Лайза смотрит в окошечко. Клаудия лежит тихо, глаза ее закрыты, из одной руки торчат трубки и яркие пластиковые пакеты.
— Что она говорила?
— Ей, бедняжке, пригрезилось, что она снова рожает. Все говорила: «Это мальчик или девочка?» — Сиделка весело смеется. — Занятно, правда? Женщины часто об этом вспоминают, когда конец настает. Многие наши пожилые пациентки только об этом и твердят. Вот и она туда же: все хватала меня за руку и спрашивала: «Скажите, у меня мальчик или девочка?» Ну, я и говорю — у вас же нет братьев или сестер, миссис Джемисон? — говорю, значит: «Девочка, мисс… мисс Хэмптон. Но это было давно». — Сиделка прокашлялась. — Конечно, она — деловая женщина, многие деловые женщины хотят чтобы их называли мисс, и я понимаю, что мизз,[95] как некоторые сейчас говорят, — это звучит ужасно. В общем, проходите к ней, миссис Джемисон, хотя я сомневаюсь, что она сегодня настроена разговаривать. Но она, наверное, почувствует, что вы здесь.
Нет, она не почувствует, думает Лайза. Где бы она сейчас ни была, она не в этой комнате. Где-то далеко, далеко отсюда.

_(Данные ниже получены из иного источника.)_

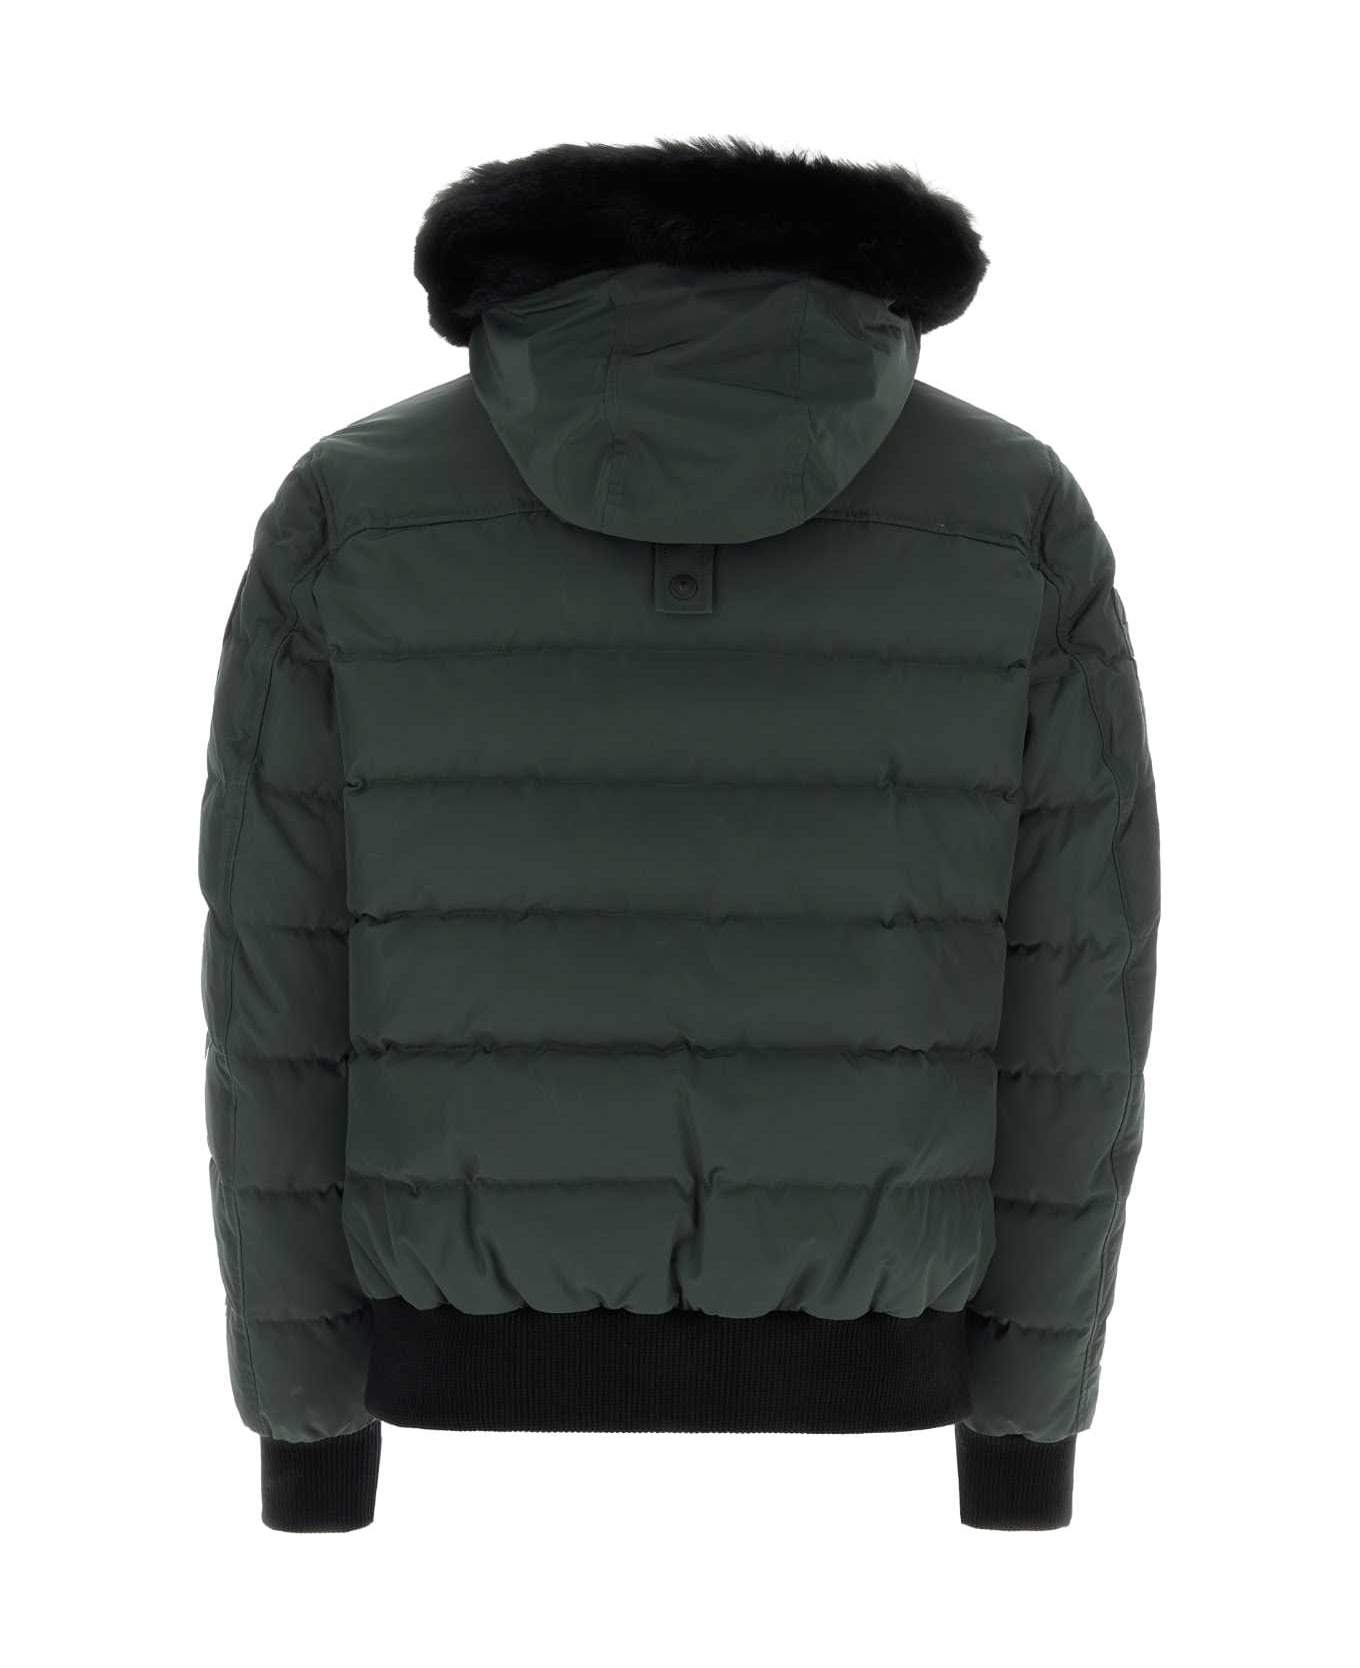 Moose Knuckles Dark Green Polyester Down Jacket - FOREST HILL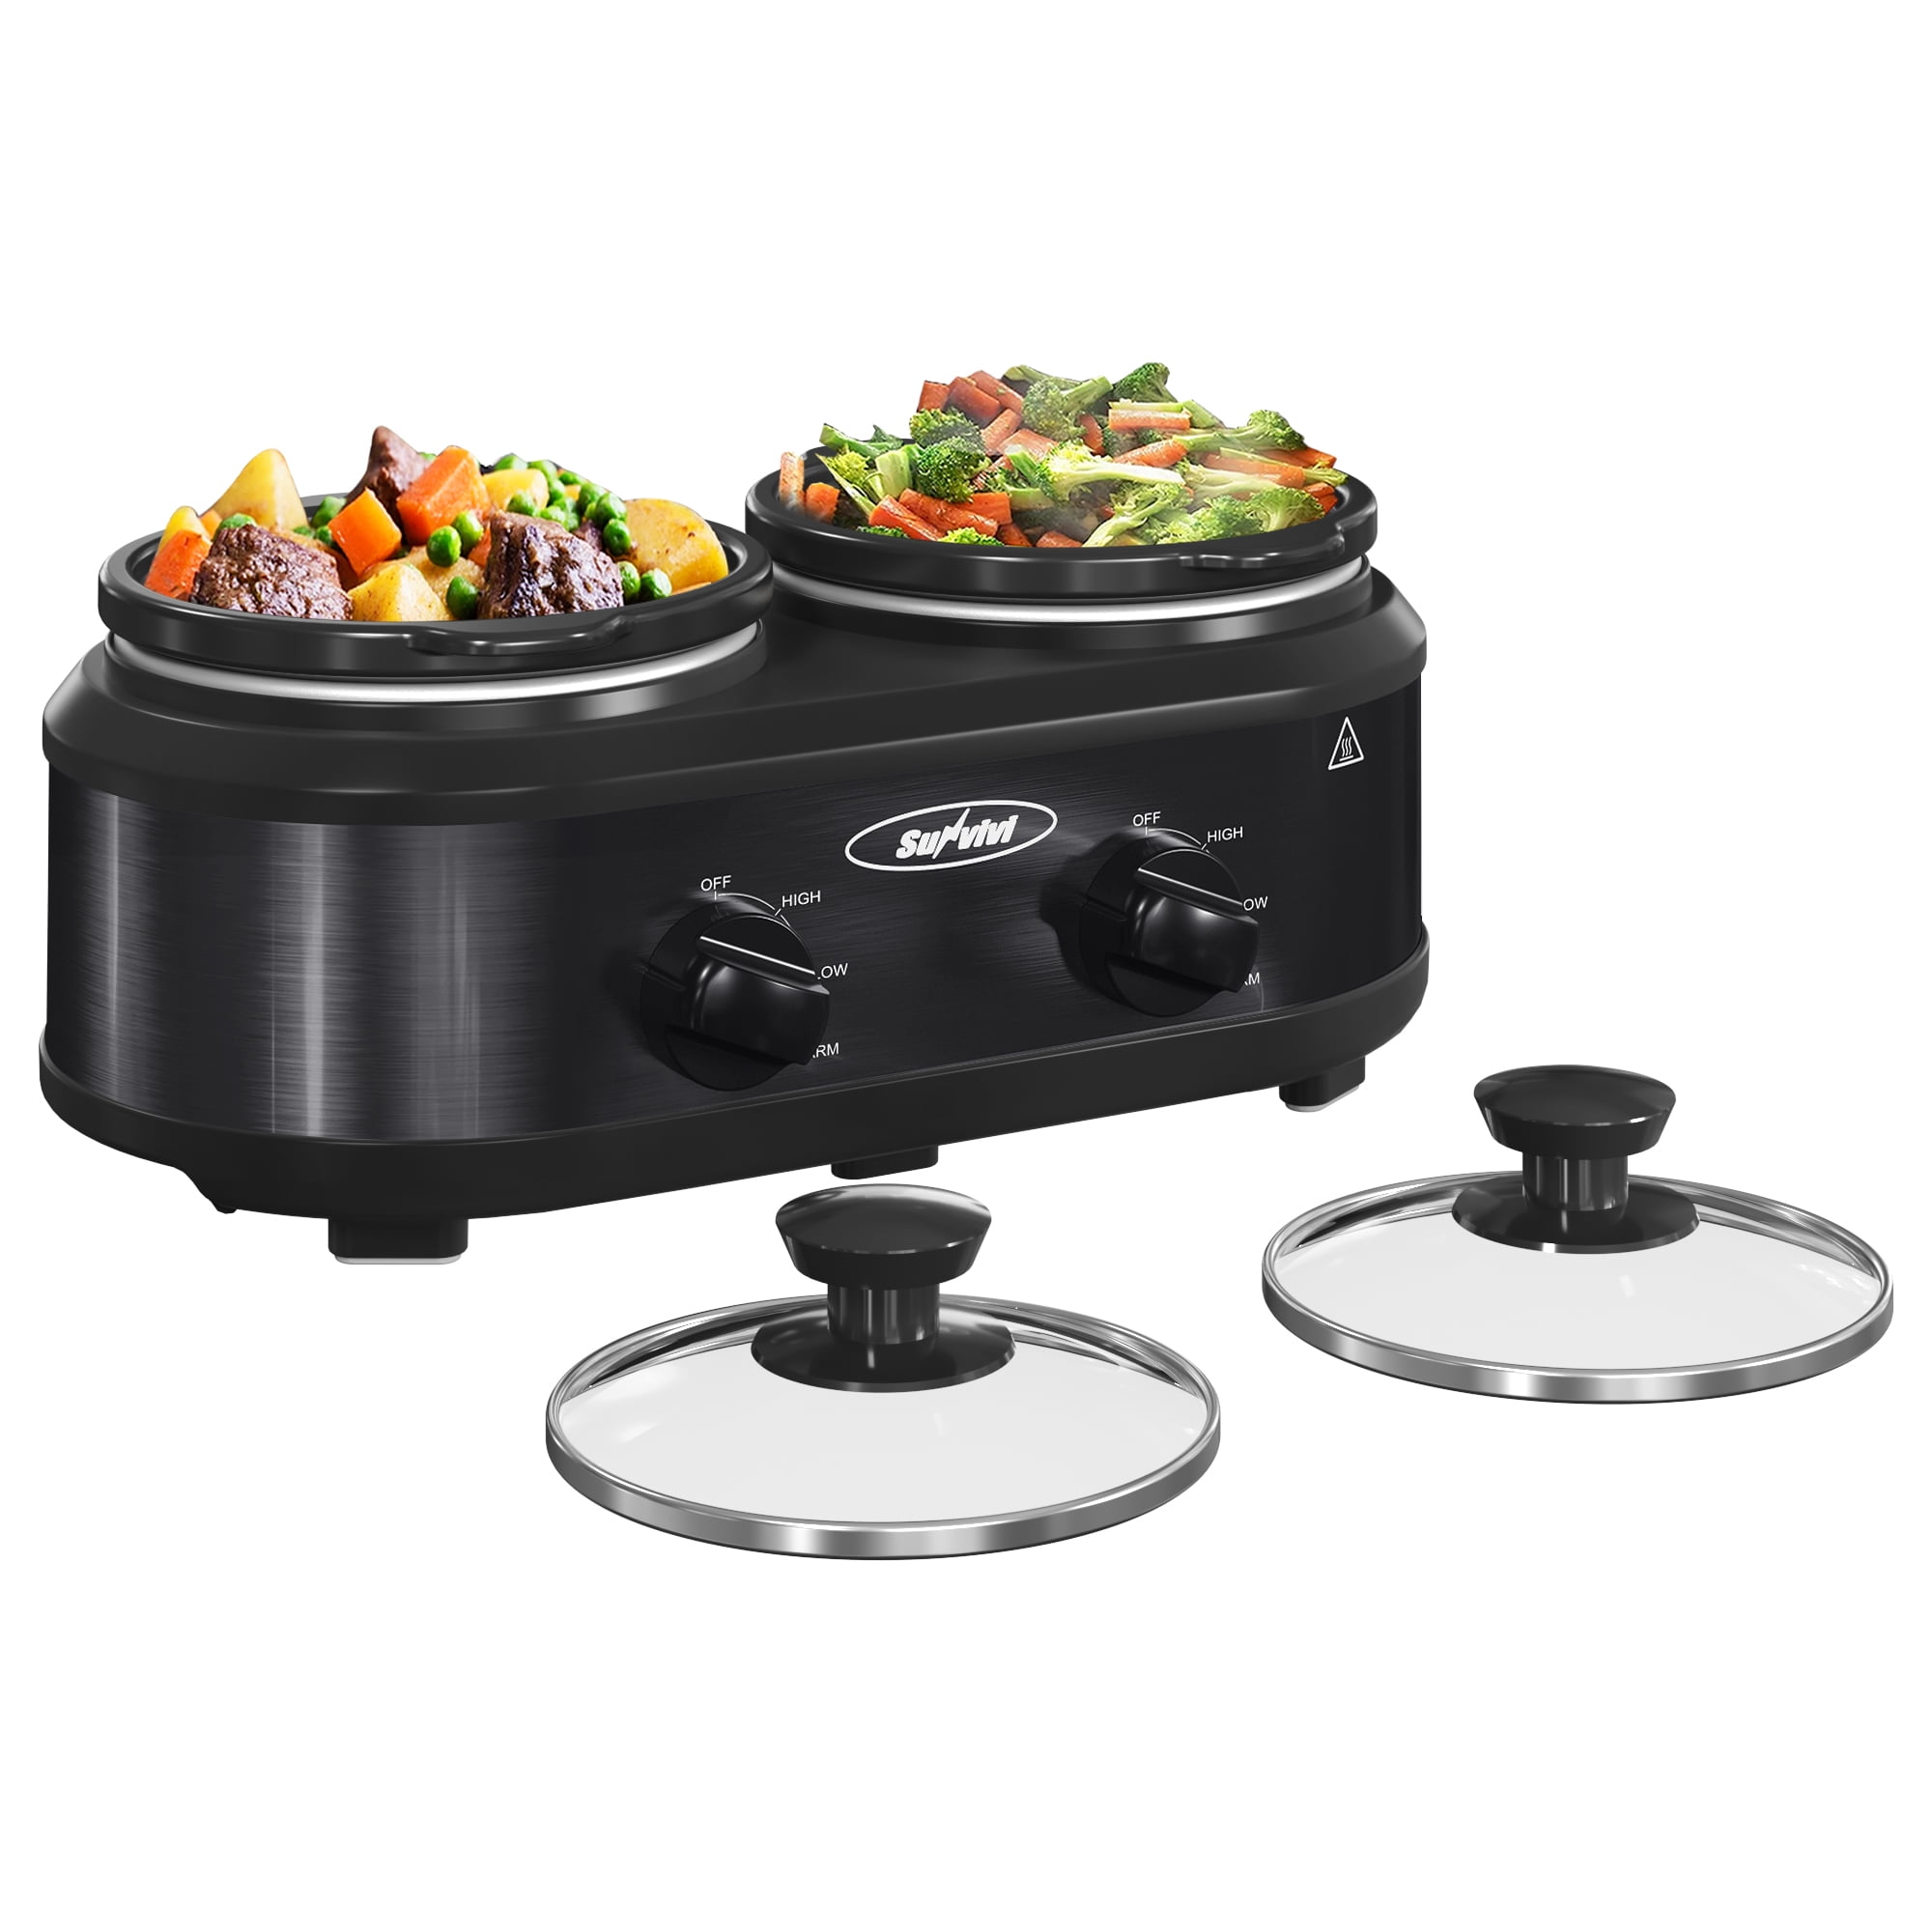 New Crock pot Trio cook and serve for Sale in Robbinsdale, MN - OfferUp

Лайза садится. Раскрывает газету, которую принесла с собой, и читает. Она пробудет здесь минут пятнадцать. Время от времени она поглядывает на Клаудию. Один раз подходит потрогать почву в горшке у пуансеттии, которая стоит возле радиатора. Почва, как положено, влажная, но пуансеттия отчего-то поникла.
Так и есть, думает она, рождение ребенка забыть невозможно. Я помню каждую минуту, и со старшим, и с младшим. Она подходит к кровати. Глядя на иссохшие руки Клаудии, ее впалые щеки и обмякшие контуры накрытого одеялом худого тела, она чувствует одновременно отвращение и жалость. Она думает о любовнике, с которым сегодня увидится, и на несколько мгновений погружается в приятные мысли. А вот Клаудия, думает она с сожалением, наверное, никогда не испытывала такого чувства. Она ведь не любила Джаспера — по крайней мере, не так; она, наверное, вообще никогда никого не любила.
Кольца Клаудии и ее золотой браслет лежат на ночном столике. Лайза берет их, разглядывает. Это, с крупным изумрудом, должно быть, подарил ей Джаспер, а откуда взялись опаловый браслет и кольцо с россыпью мелких бриллиантов — знает только Клаудия. Лайза поспешно кладет драгоценности обратно: Клаудия не любит, когда трогают ее вещи. Да что там не любит — она всегда откровенно злилась.
— Можно я возьму?
— Что? — Клаудия не отрывает взгляда от пишущей машинки.
— Вот эту маленькую коробочку.
Клаудия поворачивает голову и смотрит на кольцо в руке Лайзы, с крохотным потайным отделением. Глаза ее сверкули.
— Нет. Быстро положи туда, где взяла. Я уже говорила тебе: не трогай мою шкатулку с драгоценностями.
— Но оно мне нравится, — шепчет Лайза.
И это правда, ей ужас как нравится эта удивительная коробочка с крышечкой, украшенной серебряным узором, и крошечным замочком. Кольцо ей велико, болтается на пальце — но какая разница! Она будет хранить в коробочке свои сокровища, малюсенькие и очень ценные вещицы.
— Положи на место.
Лайза открывает кольцо.
— Тут внутри грязь, — говорит она. — Какие-то катышки. Я его почищу.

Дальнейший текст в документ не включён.